--- About this exercise ---
From the line that contains "Vintage Danish Lounge" to the last line of the data below, transcribe every line exactly. Do not include the pictures.

Source material Start Marker

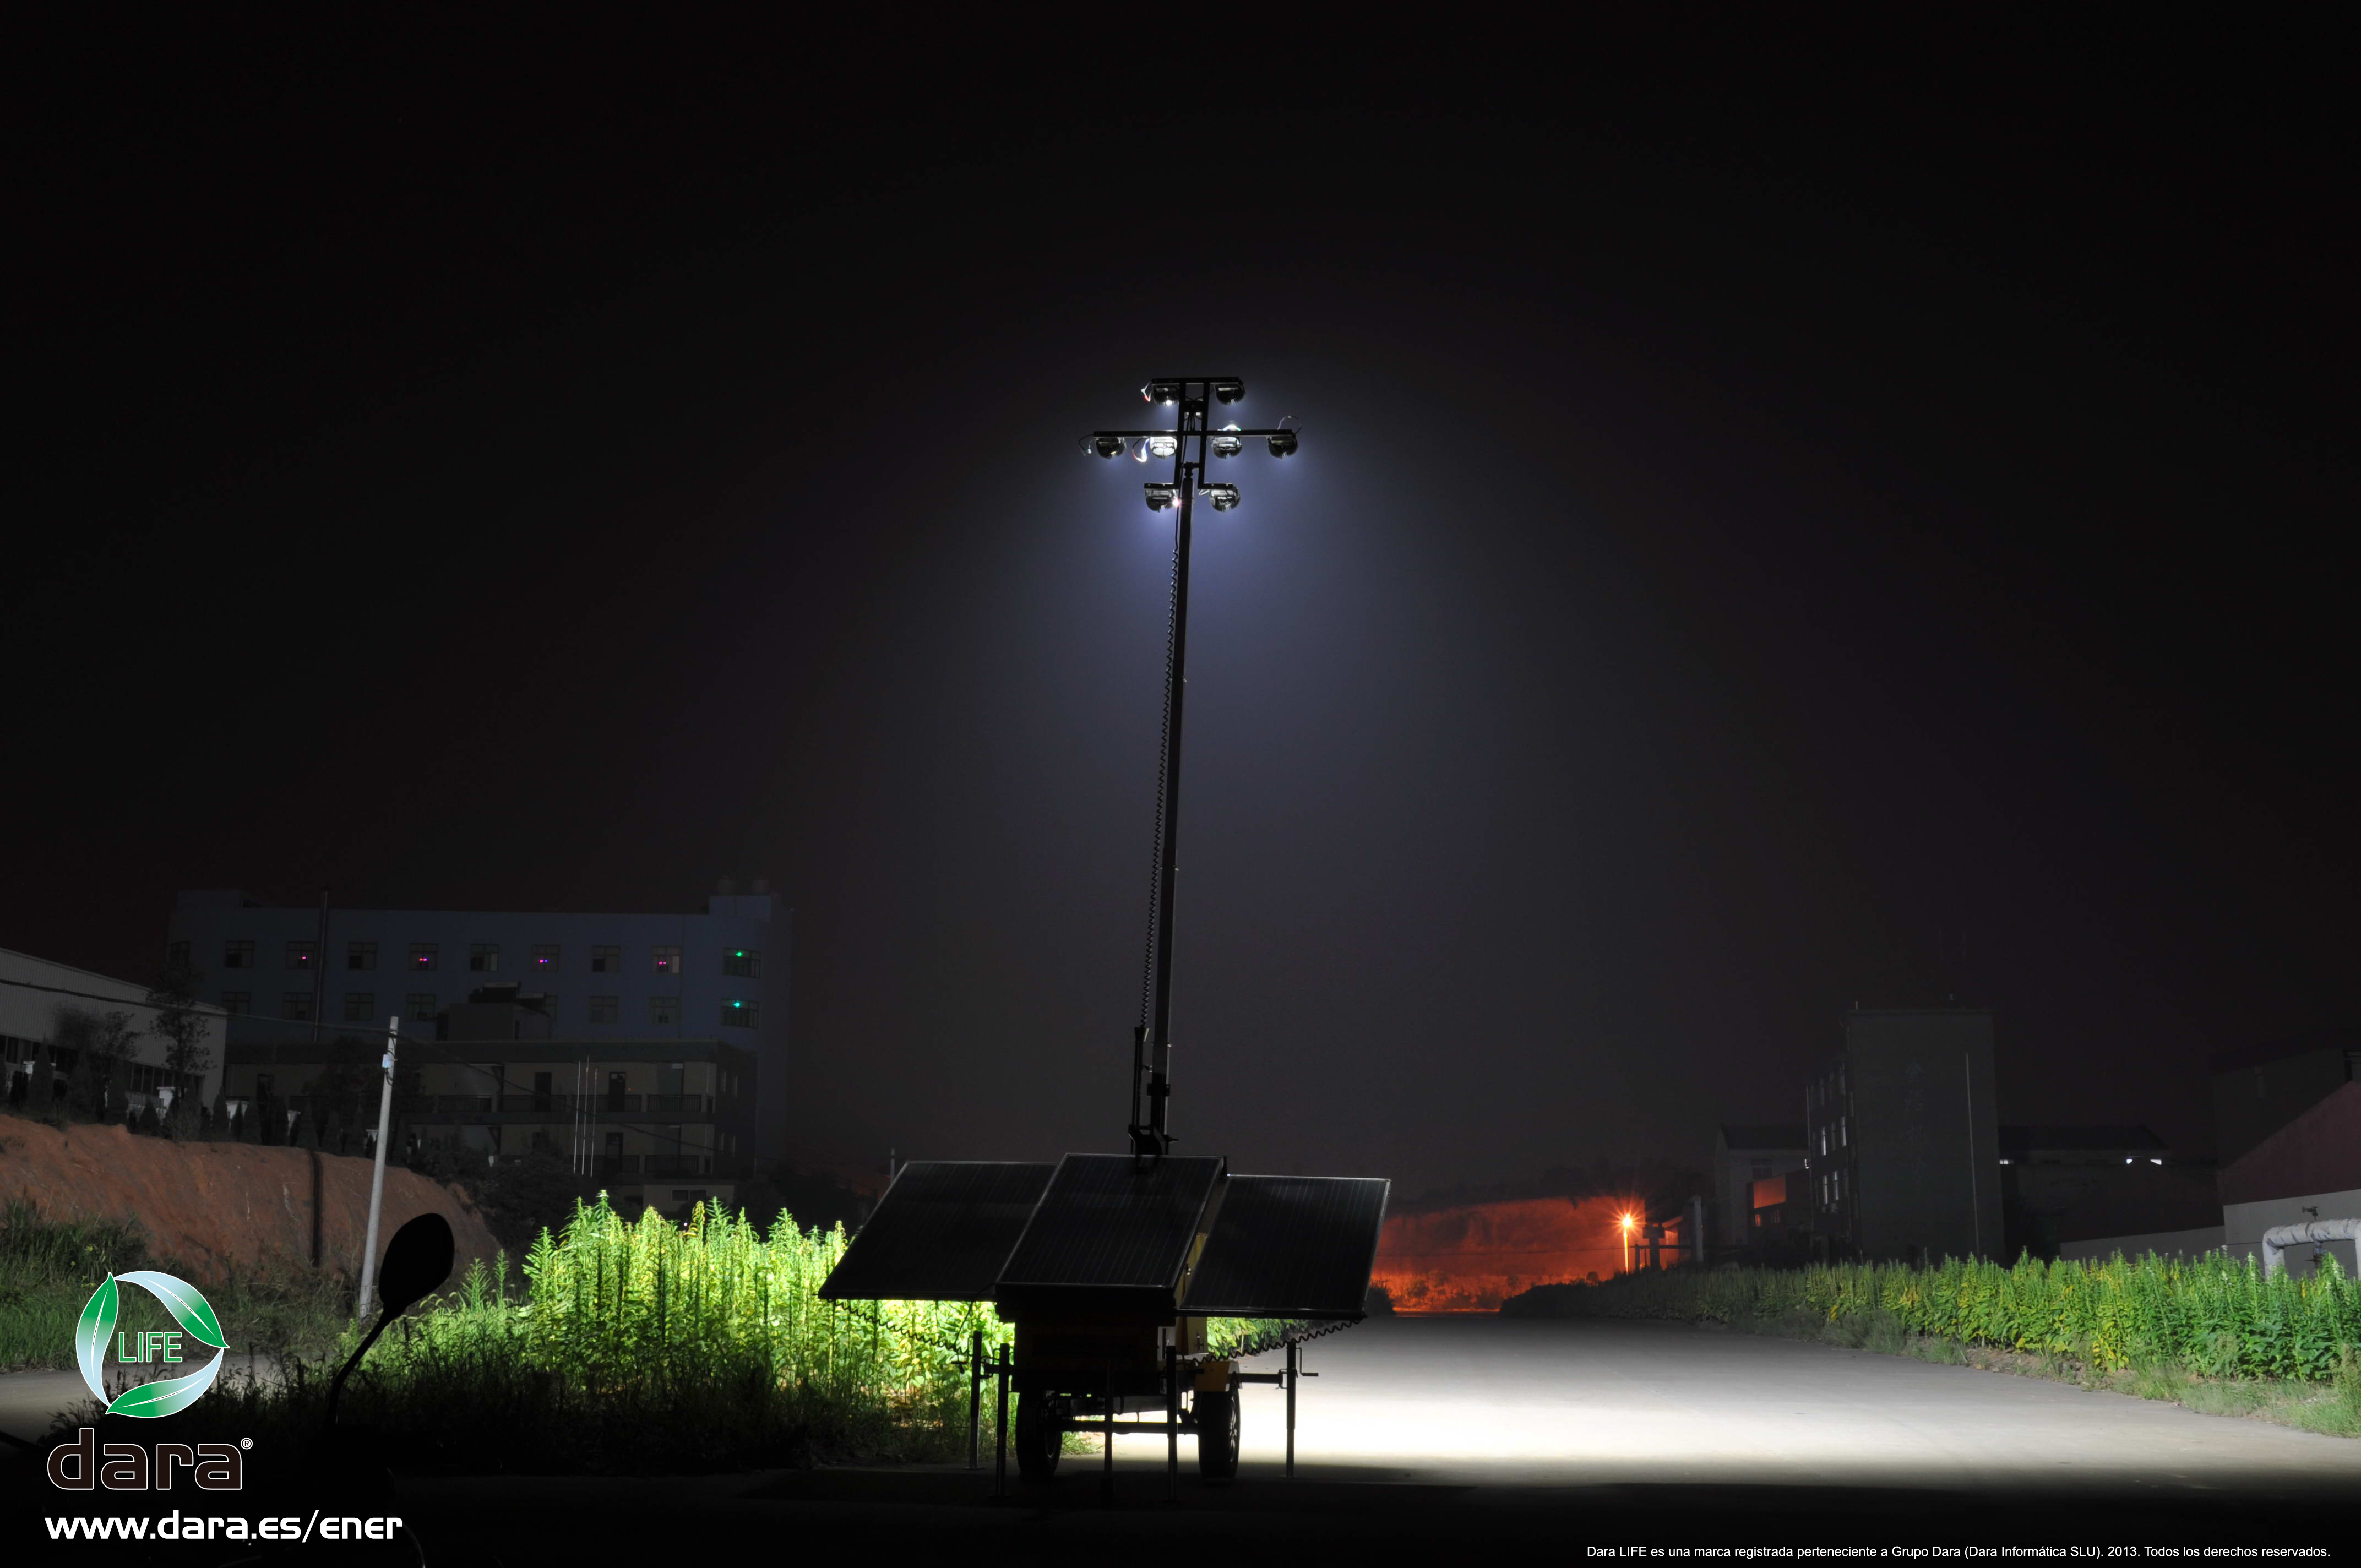 Dara life greenlight torre de iluminaci n solar m vil for Iluminacion de exterior solar
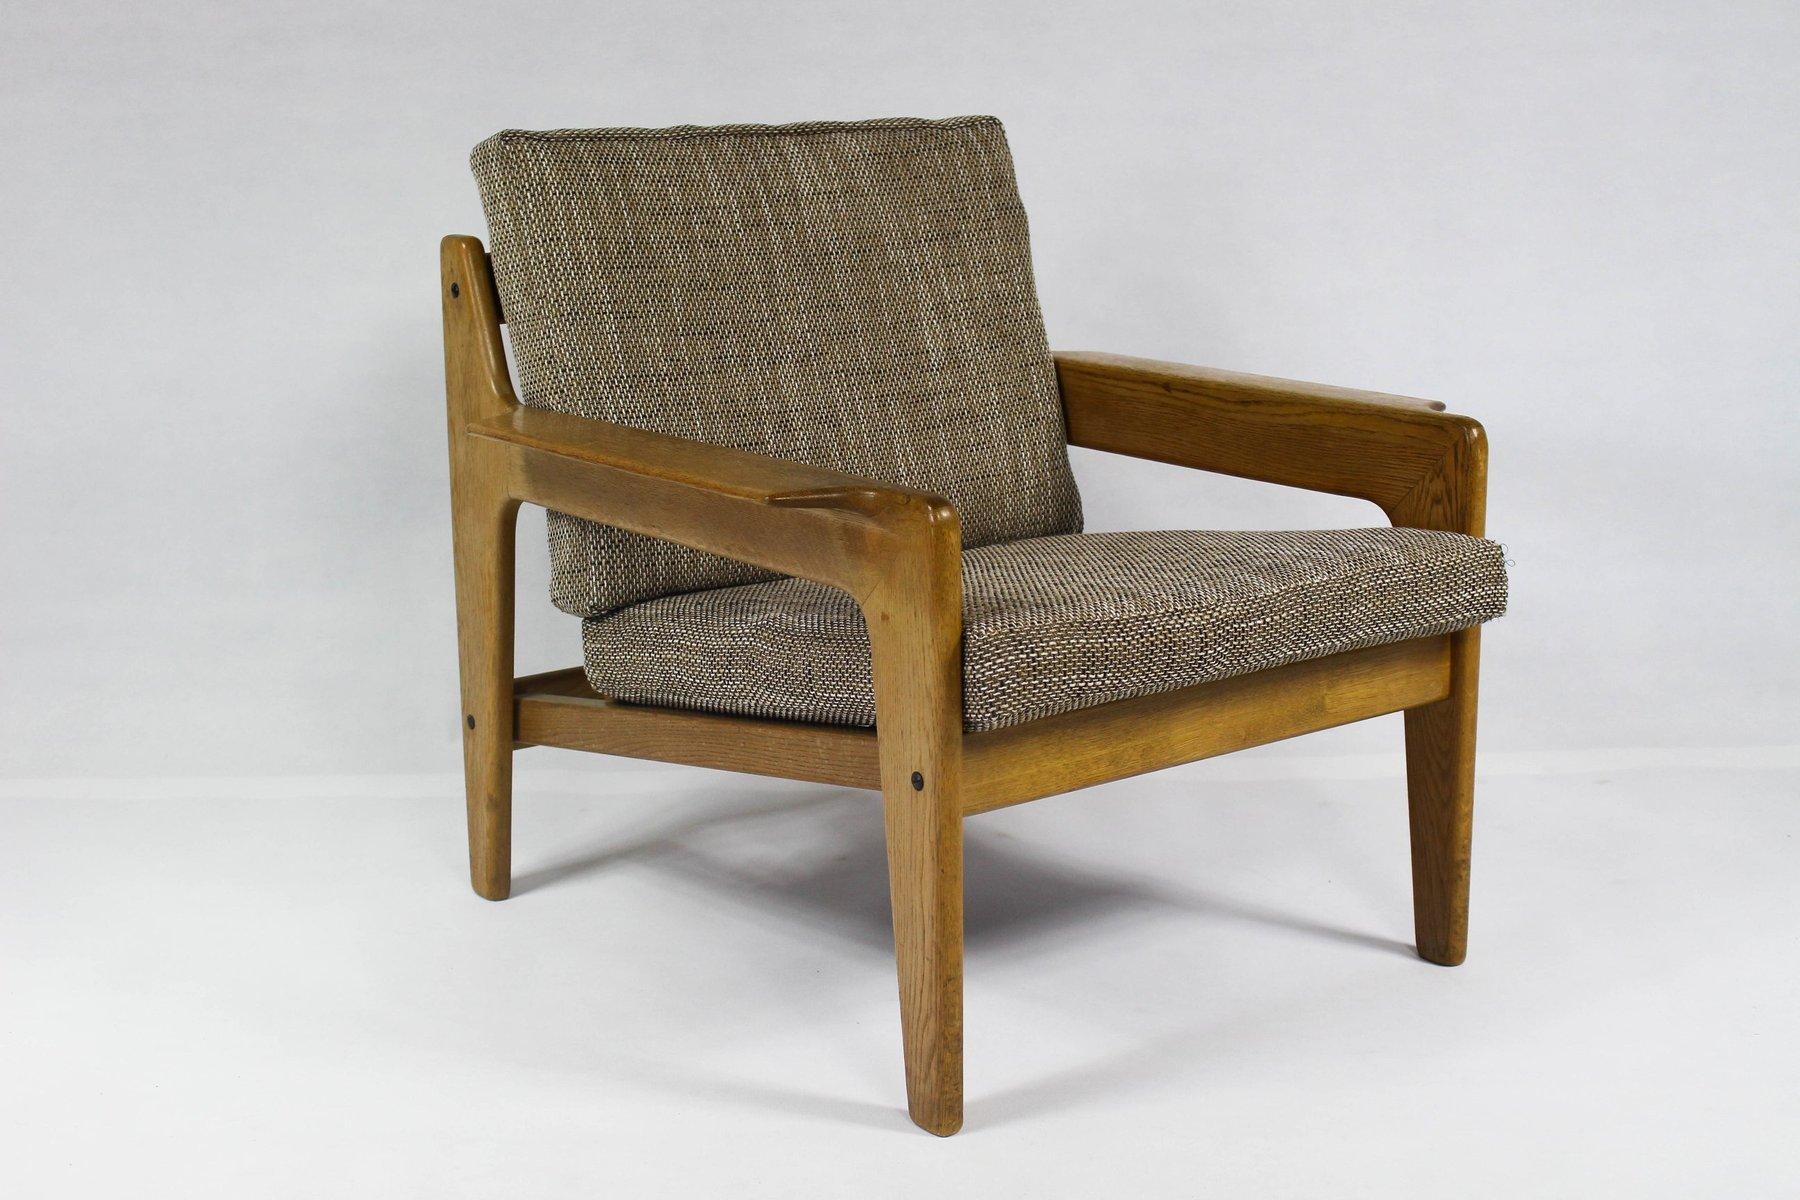 Vintage Danish Lounge Chair By Arne Wahl Iversen For Komfort
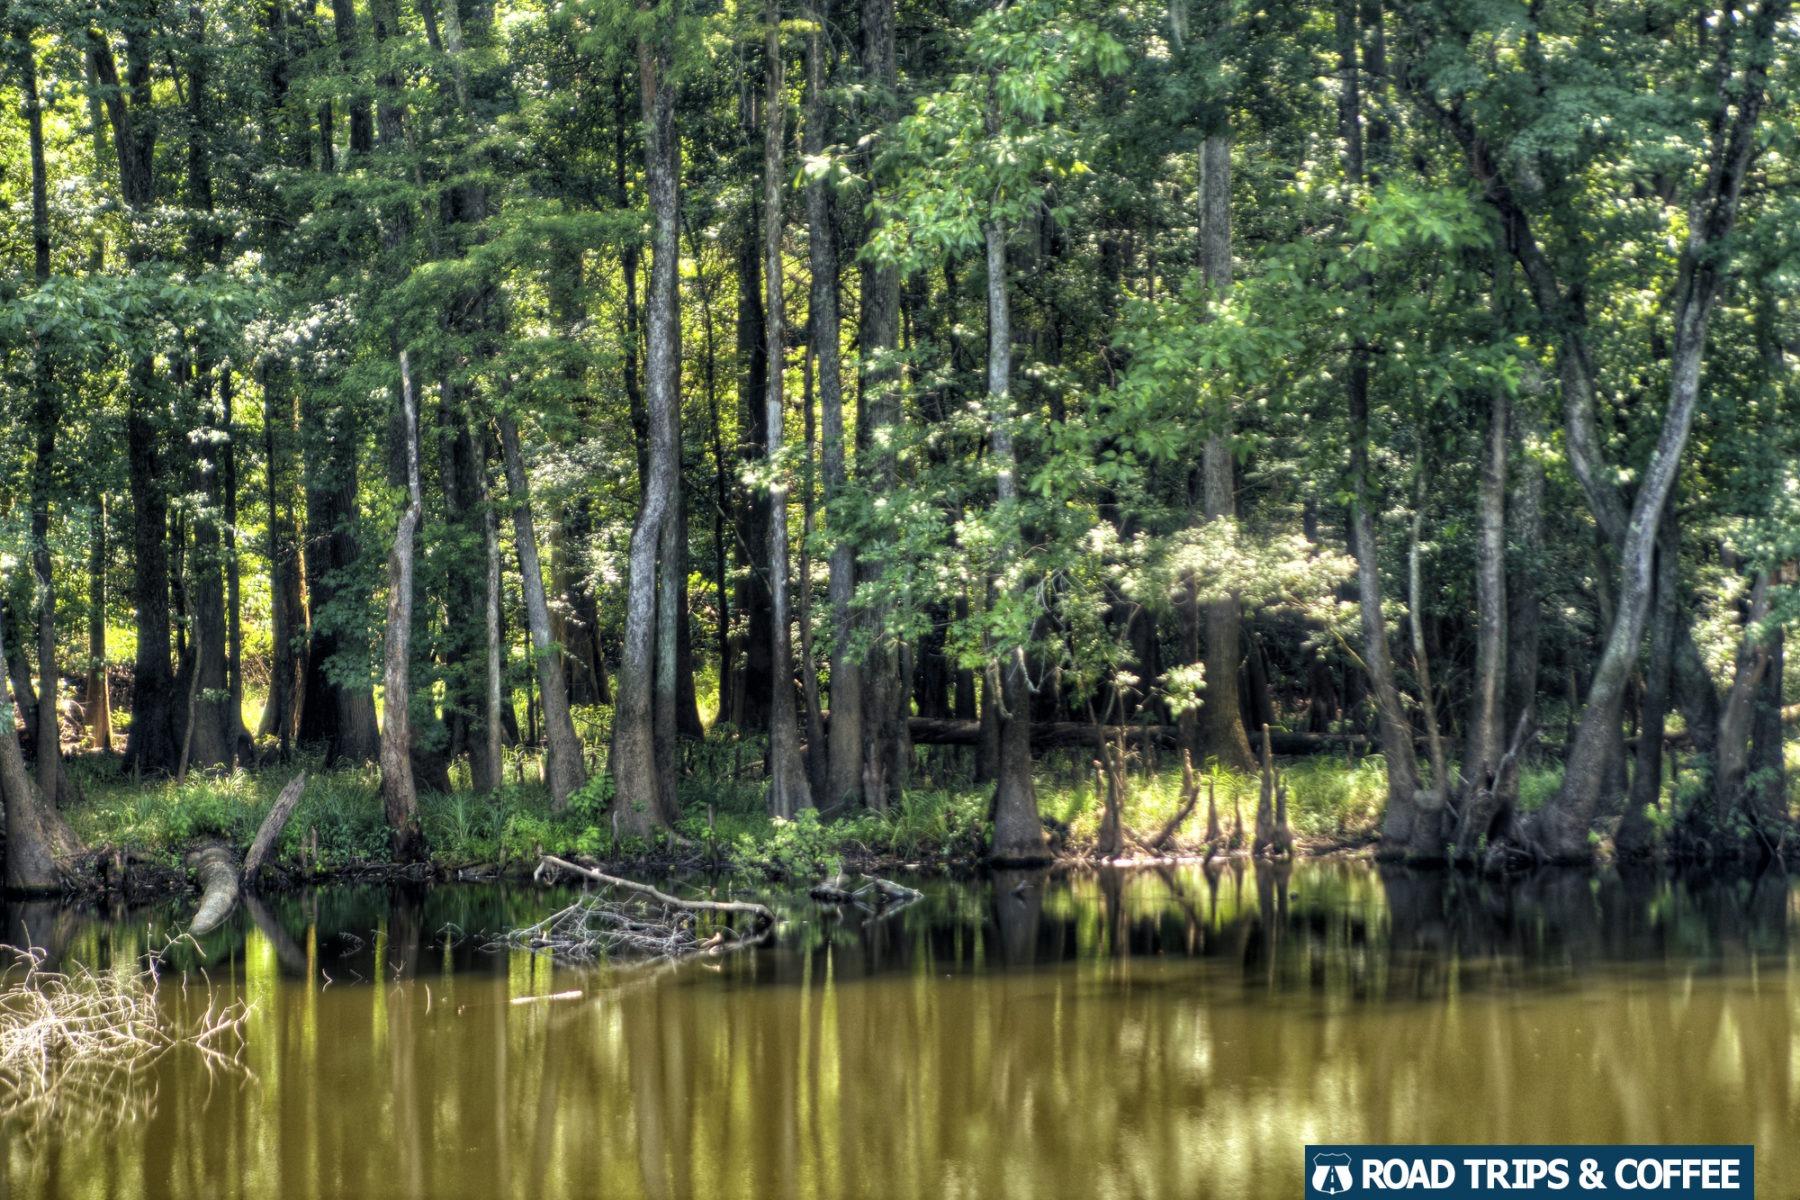 Forest surrounding Weston Lake at Congaree National Park in South Carolina.

Source material End Marker

--- Answer box ---
 Vintage Danish Lounge Chair By Arne Wahl Iversen For Komfort
 Forest surrounding Weston Lake at Congaree National Park in South Carolina.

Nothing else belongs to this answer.